There’s a lot of confusion around fat consumption and its link to weight gain. For decades, fats have been blamed as the main culprits behind overweight. But the real deal when it comes to gaining weight isn’t fat intake itself, it’s the total calorie surplus in your diet.
Eating more calories than your body needs, whether they come from fats, carbs, or proteins, leads to weight gain.
Answering the main question:
- No, eating fat doesn’t automatically make you gain weight.
- What really matters is the total energy balance: If you consume more calories than you burn, you’ll gain weight.
On the other hand, not all fats are created equal. Some fats are healthy and essential for the body, while others can be harmful when eaten in excess.
Among the functions of essential fats for good health, we find:
- They promote the absorption of vitamins (A, D, E, and K).
- They help hormone production.
- They support brain and heart health.
| FOODS | CALORIES per 100g |
| Avocado | 160 kcal |
| Extra virgin olive oil | 884 kcal |
| Walnuts | 654 kcal |
| Almonds | 579 kcal |
| Chia seeds | 486 kcal |
| Flax seeds | 534 kcal |
| Fatty fish (salmon) | 208 kcal |
| Almond butter | 614 kcal |
| Dark chocolate (85% or more) | 598 kcal |
| Olives | 115 kcal |
| Cashews | 553 kcal |
| Pistachios | 562 kcal |
Table with main healthy fat foods and their calorie content
Don’t fear fats! In this article, we explain why you should stop being afraid of them and highlight which ones you should prioritize since they also help maintain overall good health.
Index
Types of fats
Fats are essential macronutrients for the body, but not all have the same impact on health. Here’s the difference between the main types of fats:
| Fat Type | Characteristics | Main Sources | Health Effects |
| Saturated | Solid at room temperature. | Animal products: Butter, cheese, fatty meat. Tropical oils: Coconut, palm. | In excess, can raise LDL (“bad”) cholesterol. Linked to higher risk of cardiovascular diseases if consumed too much. |
| Unsaturated | Liquid at room temperature. | Monounsaturated: Olive oil, avocados, nuts.
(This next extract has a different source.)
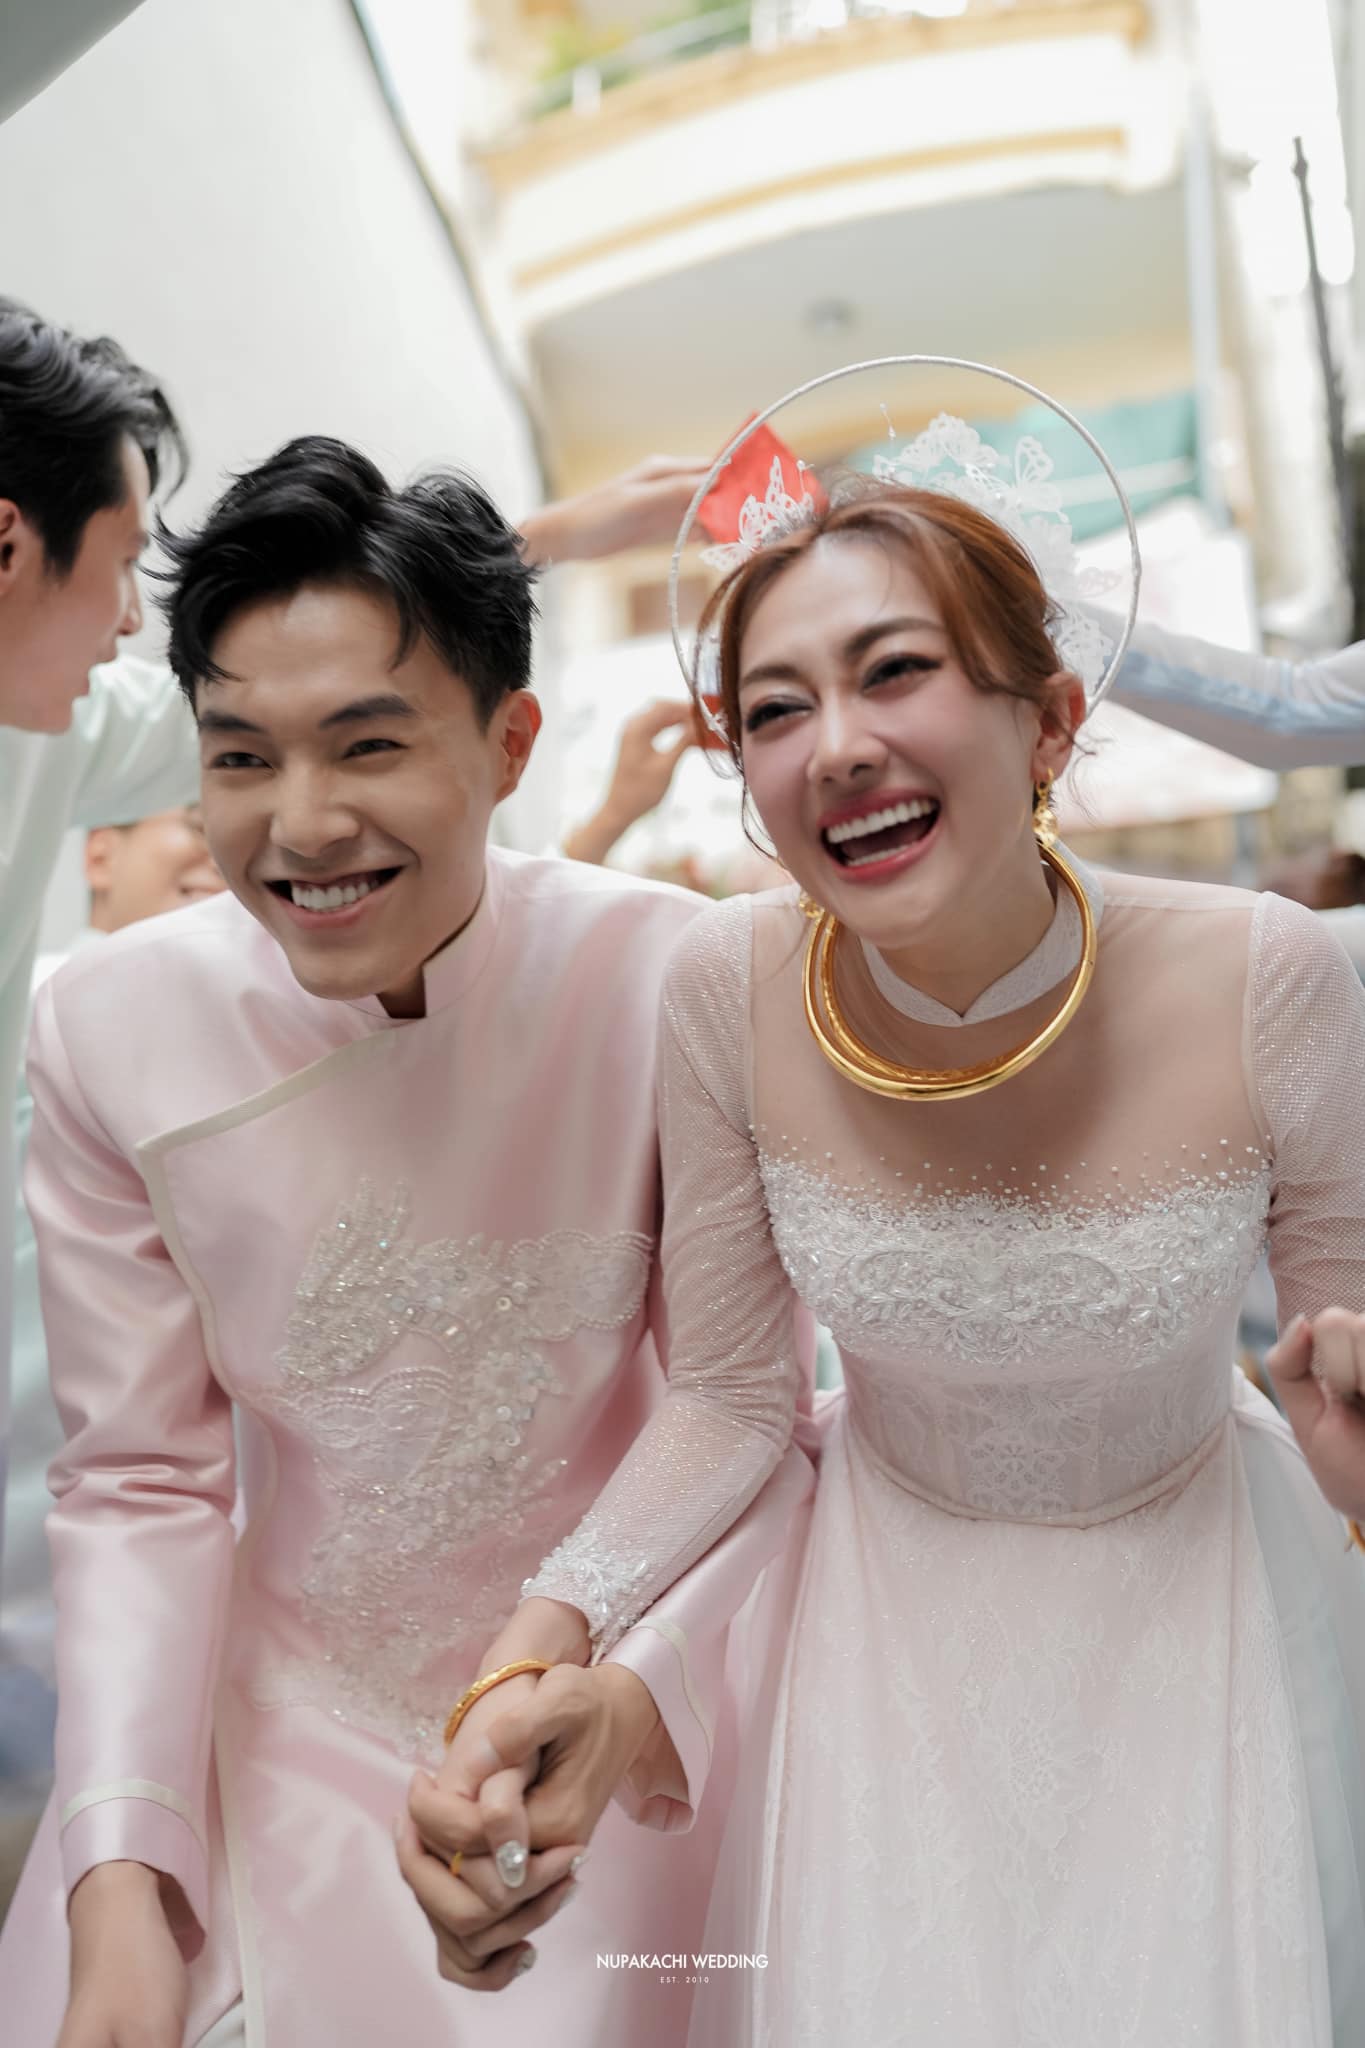 Diễn viên Phương Lan và Phan Đạt tiếp tục tổ chức đám cưới ở Ninh Bình, thời gian khi nào? - ảnh 6
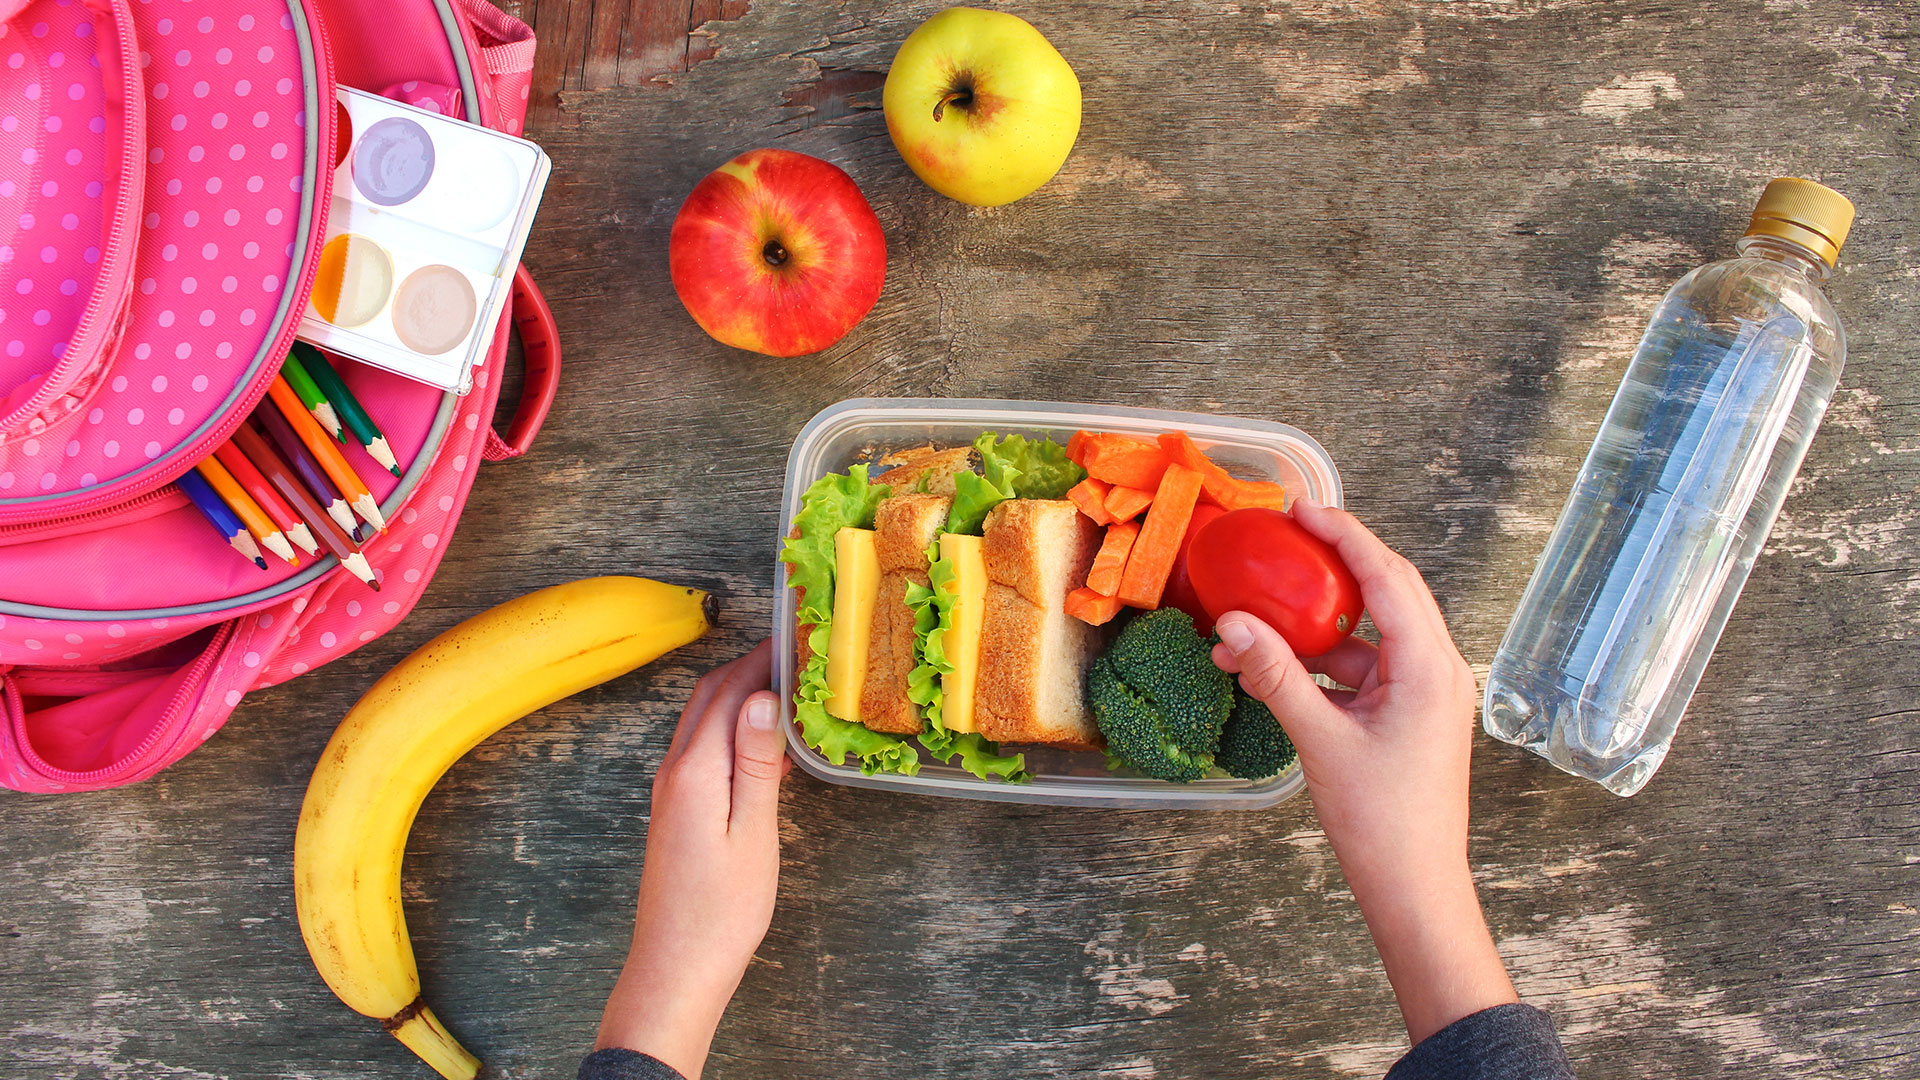 Sandwichs, fruits et légumes dans un tupperware en plastique avec un sac à dos et une bouteille d'eau à côté sur un fond en bois.

Polyunsaturated: Fatty fish, seeds, vegetable oils (sunflower, corn). | Heart-healthy and anti-inflammatory. Lower LDL cholesterol and raise HDL (“good”) cholesterol. |
| Trans | Chemically modified unsaturated fats (partial hydrogenation). | Ultra-processed products: Margarines, industrial pastries, fried foods. | Significantly raise LDL and lower HDL. Highly harmful: linked to higher risk of cardiovascular diseases and type 2 diabetes. |
Saturated fats
For decades, saturated fats have been seen as one of the main factors responsible for raising cholesterol and increasing cardiovascular disease risk. However, more recent research has challenged this simplistic view and sparked debate about their real role in health.
- Cardiovascular diseases are caused by a combination of factors, like chronic inflammation, oxidative stress, insulin resistance, and an overall unhealthy diet.
- Instead of focusing only on saturated fats, it’s crucial to look at the overall diet and lifestyle context.
Several meta-analyses have found no significant link between saturated fat intake and increased heart disease risk in the general population.
However, some studies suggest replacing saturated fats with unsaturated fats can improve certain cardiovascular health markers.
Not all saturated fats are the same: Those from minimally processed foods (like good-quality meat and full-fat dairy) may not be as harmful as saturated fats found in ultra-processed foods.

Unsaturated fats
Unsaturated fats are known as the “healthy fats” because of their many health benefits. These fats are liquid at room temperature and are divided into two main subtypes: monounsaturated and polyunsaturated, both essential for the body’s proper function.
| Fats | Health Benefits | Main Sources |
| Monounsaturated |
|
|
| Polyunsaturated |
|
|
Trans fats
Trans fats are a type of fat artificially created through a chemical process called partial hydrogenation, where hydrogen is added to liquid vegetable oils to make them solid and more stable. While small amounts of natural trans fats are found in animal products like meat and dairy, most trans fats in the diet come from processed foods.
Health risks include:
- Trans fats significantly raise LDL levels in the blood, contributing to plaque buildup in arteries and increasing atherosclerosis risk.
- Besides raising bad cholesterol, trans fats lower good cholesterol, which protects the heart by removing excess cholesterol from arteries.
- Due to their impact on cholesterol and ability to promote inflammation, trans fats are strongly linked to heart attacks, strokes, and other heart diseases.
- They can worsen conditions like type 2 diabetes and obesity.
- Also associated with higher risk of neurodegenerative diseases due to their effect on inflammation and oxidative stress.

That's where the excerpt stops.